Komisyon Adı:Adalet Komisyonu
Konu:Adalet Ve Kalkınma Partisi Grup Başkan Vekilleri Denizli Milletvekili Cahit Özkan, Çanakkale Milletvekili Bülent Turan, Tokat Milletvekili Özlem Zengin, Çankırı Milletvekili Muhammet Emin Akbaşoğlu Ve Milliyetçi Hareket Partisi Grup Başkan Vekilleri Sakarya Milletvekili Muhammed Levent Bülbül, Manisa Milletvekili Erkan Akçay İle 182 Milletvekilinin, Avukatlık Kanunu İle Bazı Kanunlarda Değişiklik Yapılmasına Dair Kanun Teklifi (2/2999)
Dönemi:27
Yasama Yılı:3
Tarih:05/07/2020


Adalet ve Kalkınma Partisi Grup Başkan Vekilleri Denizli Milletvekili Cahit Özkan, Çanakkale Milletvekili Bülent Turan, Tokat Milletvekili Özlem Zengin, Çankırı Milletvekili Muhammet Emin Akbaşoğlu ve Milliyetçi Hareket Partisi Grup Başkan Vekilleri Sakarya Milletvekili Muhammed Levent Bülbül, Manisa Milletvekili Erkan Akçay ile 182 Milletvekilinin, Avukatlık Kanunu ile Bazı Kanunlarda Değişiklik Yapılmasına Dair Kanun Teklifi (2/2999) BEHİÇ ÇELİK (Mersin) - Sayın Başkan, değerli milletvekilleri; avukatlık yasa teklifinin maddeleri üzerinde görüşmelerimizi sürdürüyoruz. Bu vesileyle, Sakarya Hendek'te meydana gelen kazada hayatını kaybeden 6 yurttaşımıza rahmet niyaz ediyorum; yaralılara acil şifalar diyorum. Allah böyle bela ve musibetleri milletimizin başına vermesin.

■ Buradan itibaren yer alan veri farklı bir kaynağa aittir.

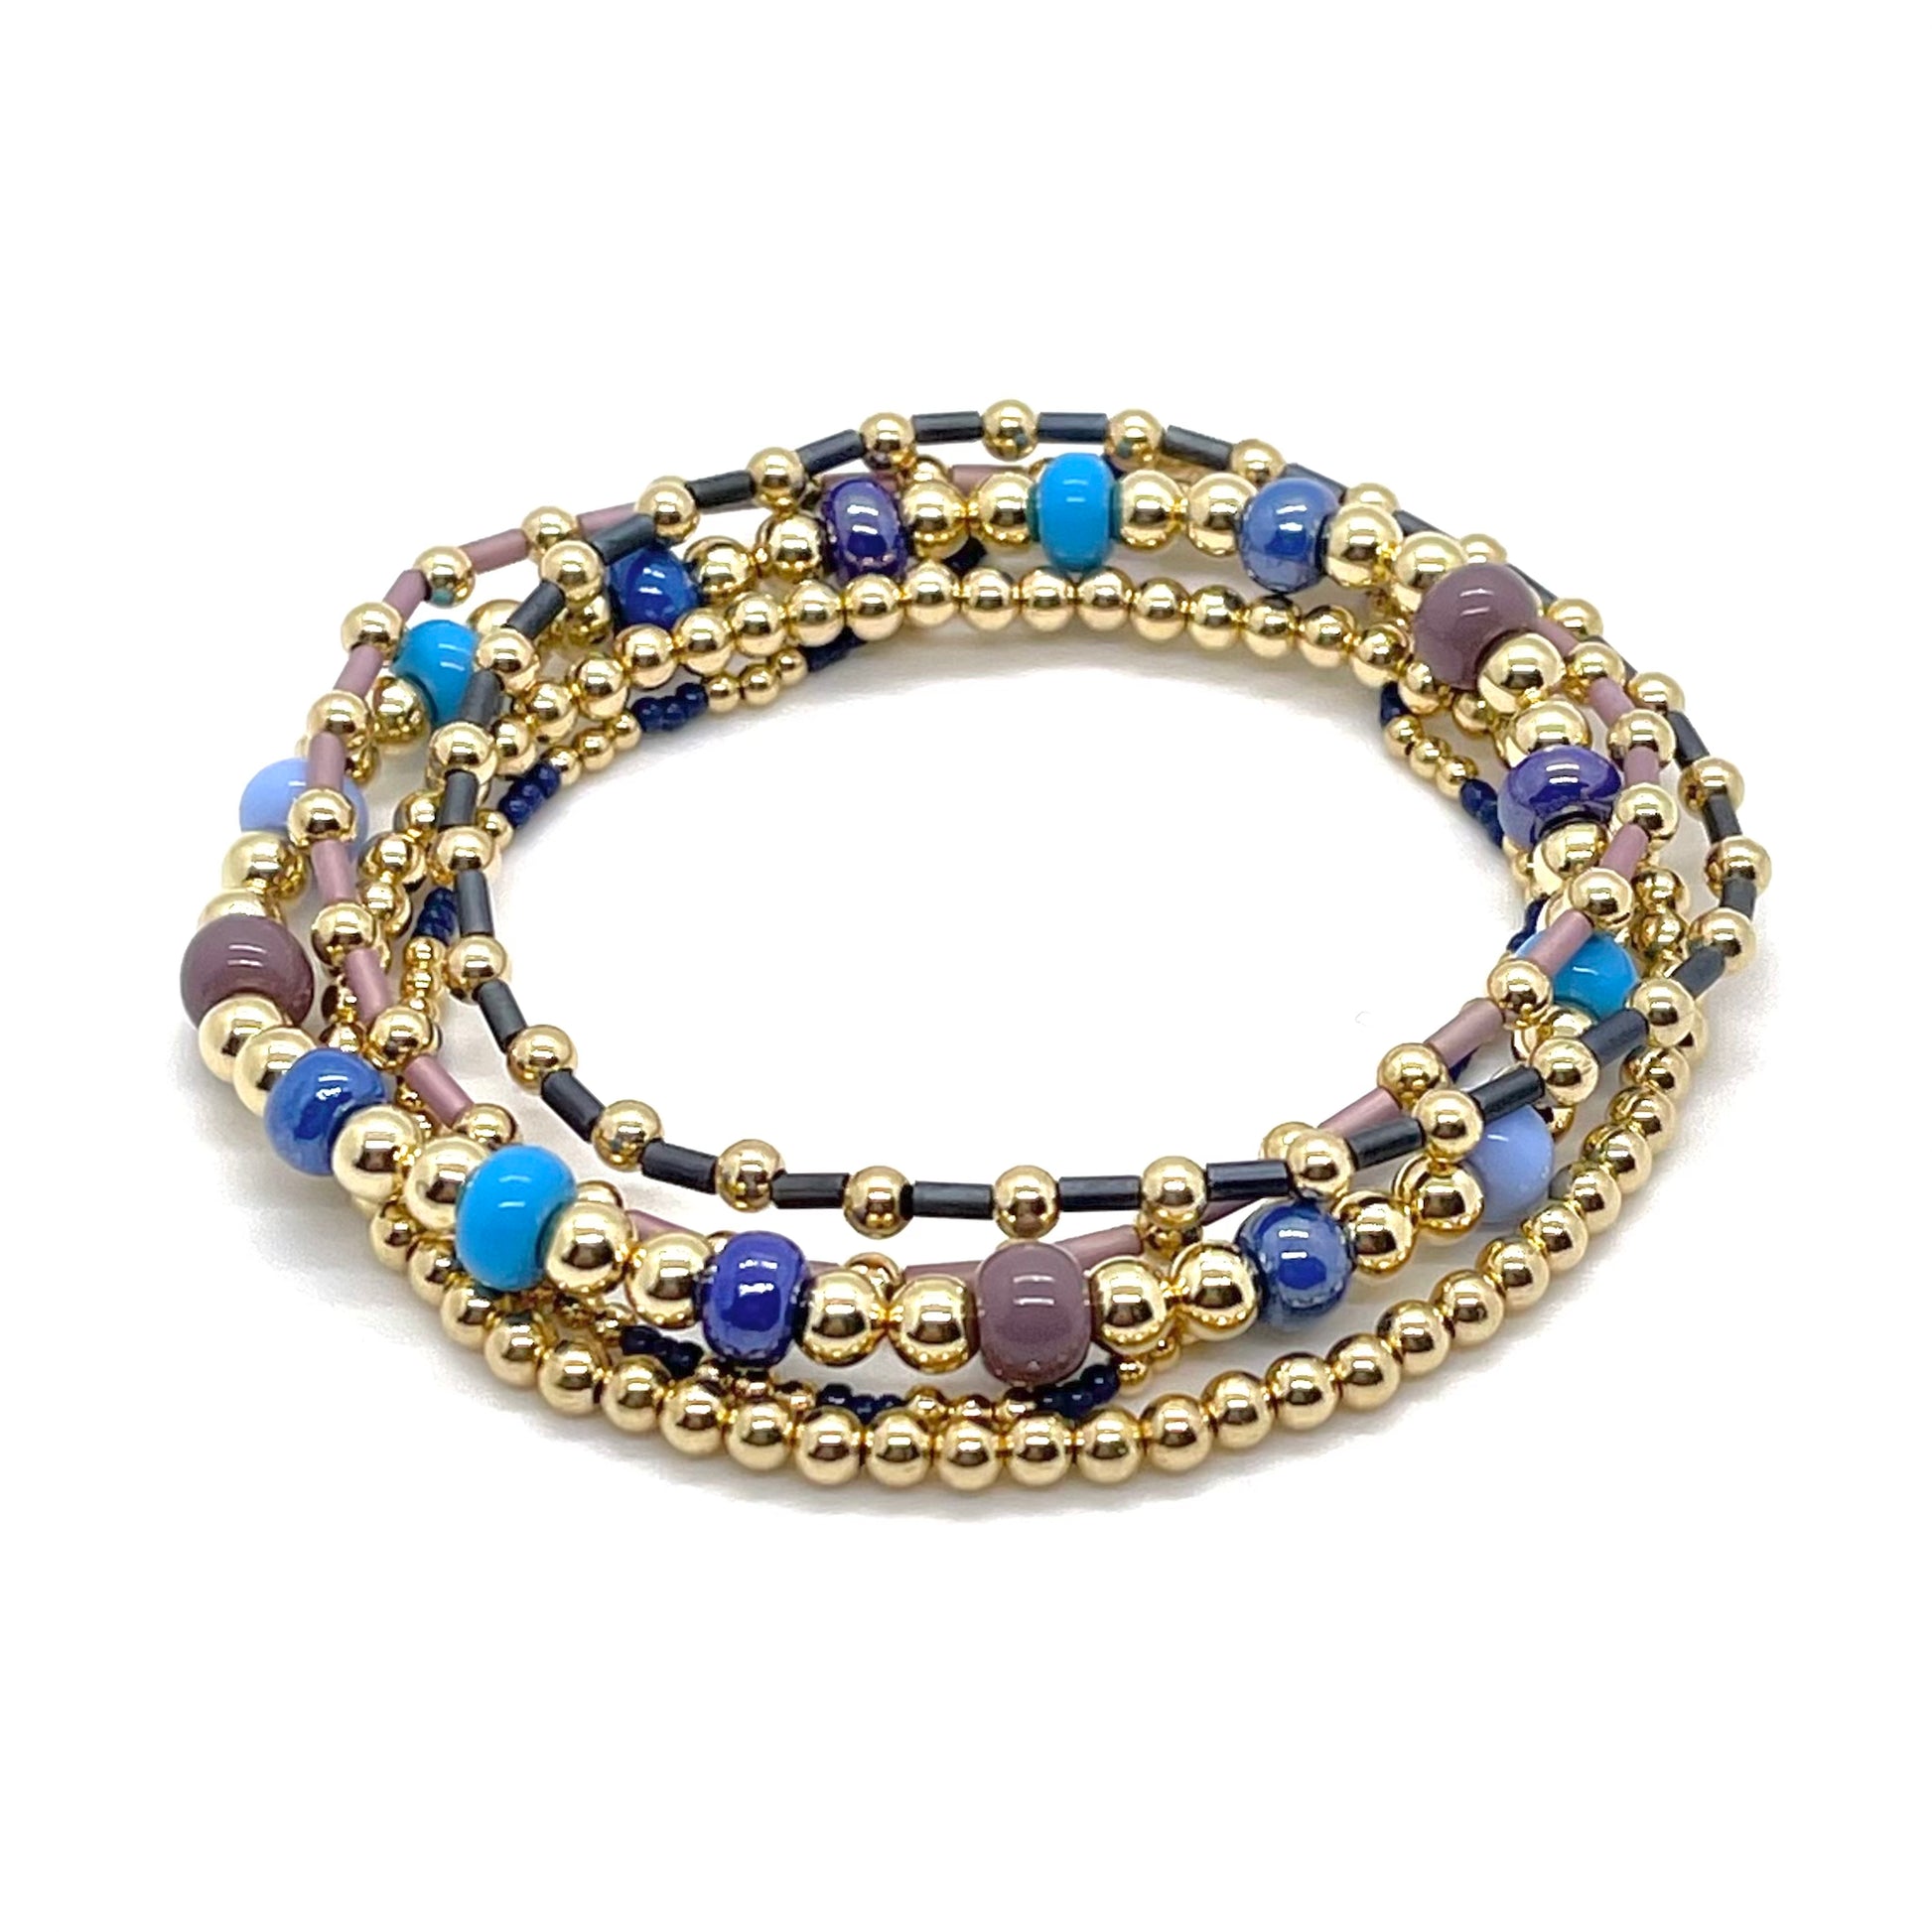 Summer gold bead bracelet stack with blue and mauve glass seed beads on stretch cord.

     Diğer taraftan, bugün 5 Temmuz, Başbağlar hadisesinin 27'nci yıl dönümü. 33 vatandaşımız ne yazık ki şehit olmuştur; onlara da Allah'tan rahmet niyaz ediyorum. Bu tür hadiseler milletimizin derin hafızasına yerleşen acı olaylardır. Bu olayları hiçbir zaman yaşamayalım diye özellikle belirtmek istiyorum.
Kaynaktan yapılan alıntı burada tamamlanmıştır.